We assume the people in our lives, our family, our friends, our colleagues are rooting for our success. It's nice to think that isn't it? Unfortunately, it's simply not true.
Of course there will always be people in your life that genuinely wish for your success, but much more often than we'd like to think, even the people who love you the most, may wish for your failure and in some cases even try to sabotage you (before you get mad, give me a chance to explain...)
There are two reasons for this:
1. They don't want to lose you. Often times the people around you subconsciously don't want you to succeed because they're afraid that success will take you away from them. On some level they think that you'll move on to "bigger and better things."
This happens in so many contexts, but weight loss is a common example. A woman may think she actually wants her husband to lose weight for health reasons, but subconsciously she may be terrified at the idea of him actually being successful, for fear he may leave her when other women find him more attractive.

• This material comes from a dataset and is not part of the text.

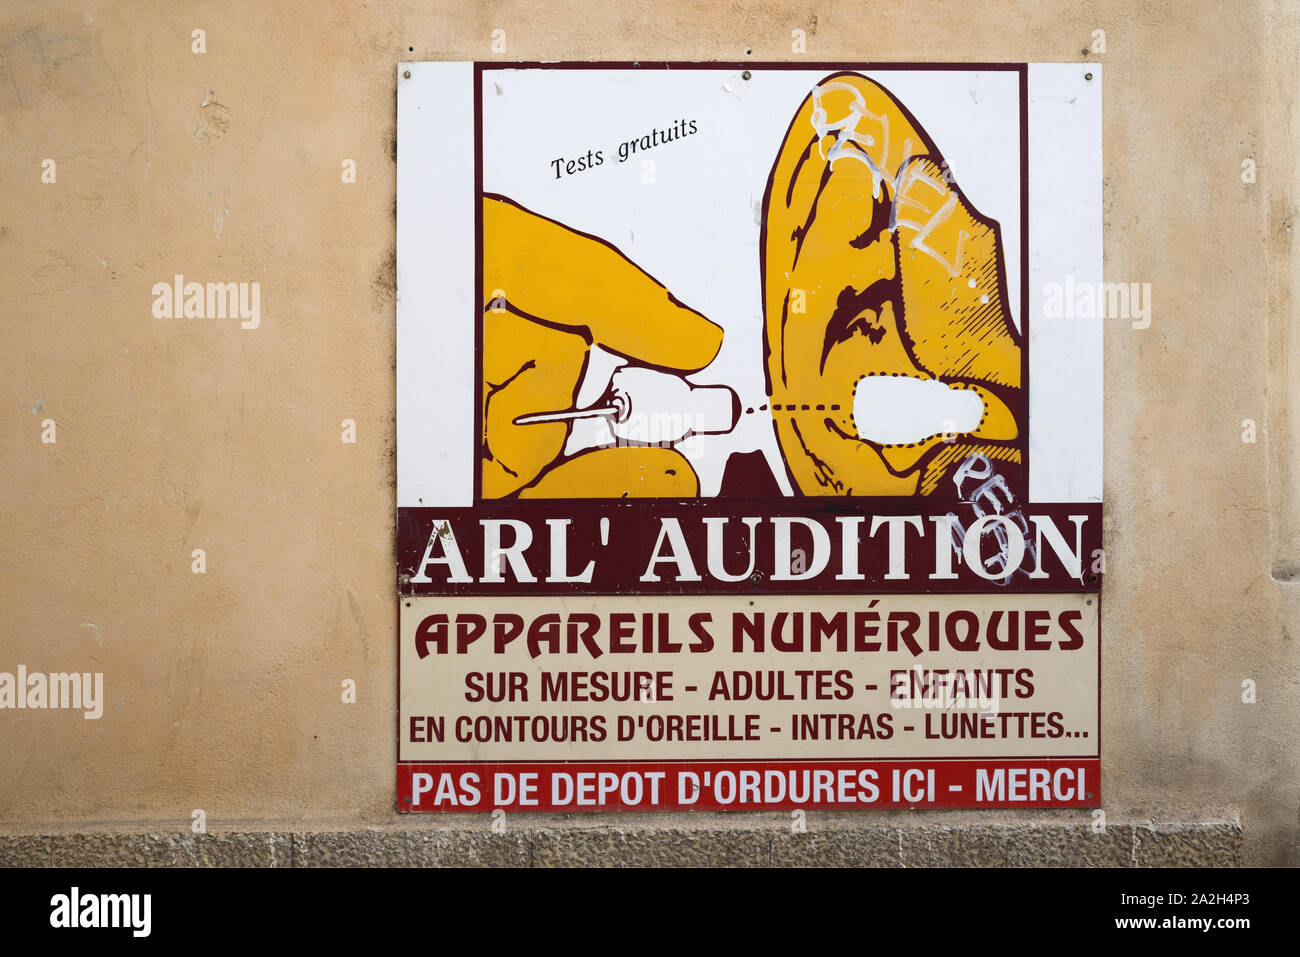 Peinture murale stylisée de l'aide auditive, publicité, annonce ou publicité Arles Provence France Banque D'Images
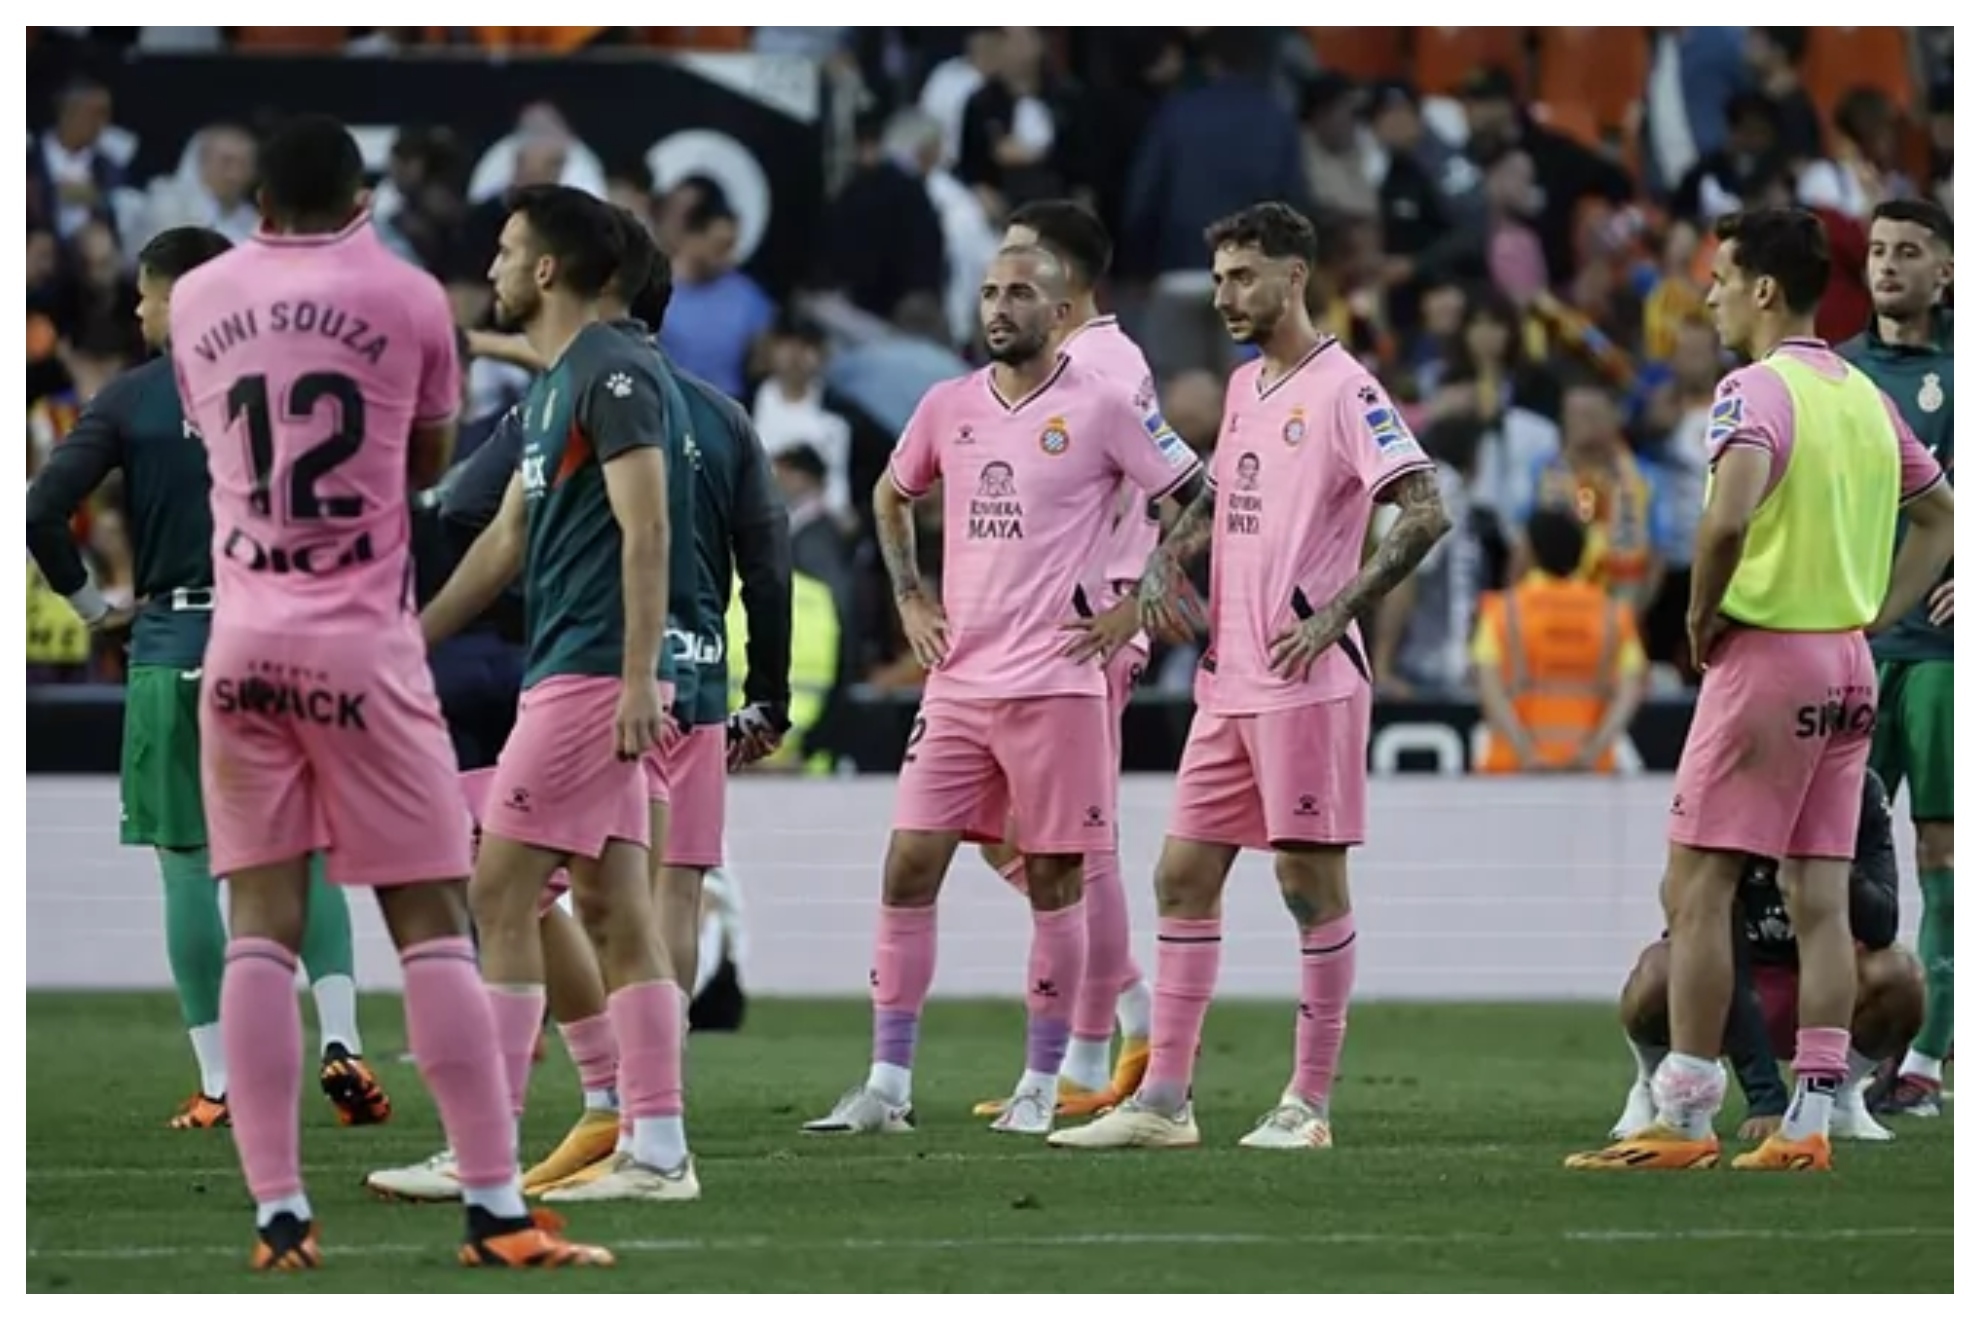 Los jugadores del Espanyol, rotos tras perder ante el Valencia

2. It makes them feel inadequate by comparison. Think about an area in your life that you're really dissatisfied with. Let's say it's your finances (you're struggling to pay the bills). Imagine that tommorrow you get a call from a friend who tells you he just sold his company for 10 million dollars! Are you happy for him? Be honest...
You might be happy for him. But if you were really honest with yourself you may admit to being at least a little bit resentful (often times darn right jealous). Why?
When the people around us succeed, especially in an area of our life that we are currently experiencing dissatisfaction in, we are forced to evaluate ourselves by comparison. At this point we have two choices:
1. Use their success as motivation to inspire us to achieve similar success in our own lives.
or
2. Criticize and tear this person down!
Which one do you think is easier and therefore most people do? Option 2 of course. This doesn't make them a bad person...it just makes them human.
Here's the point: The people in your life love you. That's a fact. But change makes us act irrationally, and most of the time we're not even aware of it.
I'm not saying that you should go around second guessing everyone in your life, trying to determine whether they're genuinely happy for you or not. But you'd be foolish to ignore the possibility that they aren't fully rooting for you. So what should you do?
The best thing to do, is to love the people around you. Know that they really do care about you, but find your true advice and encouragement from people who you know are congruent in their support and even better: have an incentive for you to succeed (like a paid coach). This isn't a romantic notion, but it works.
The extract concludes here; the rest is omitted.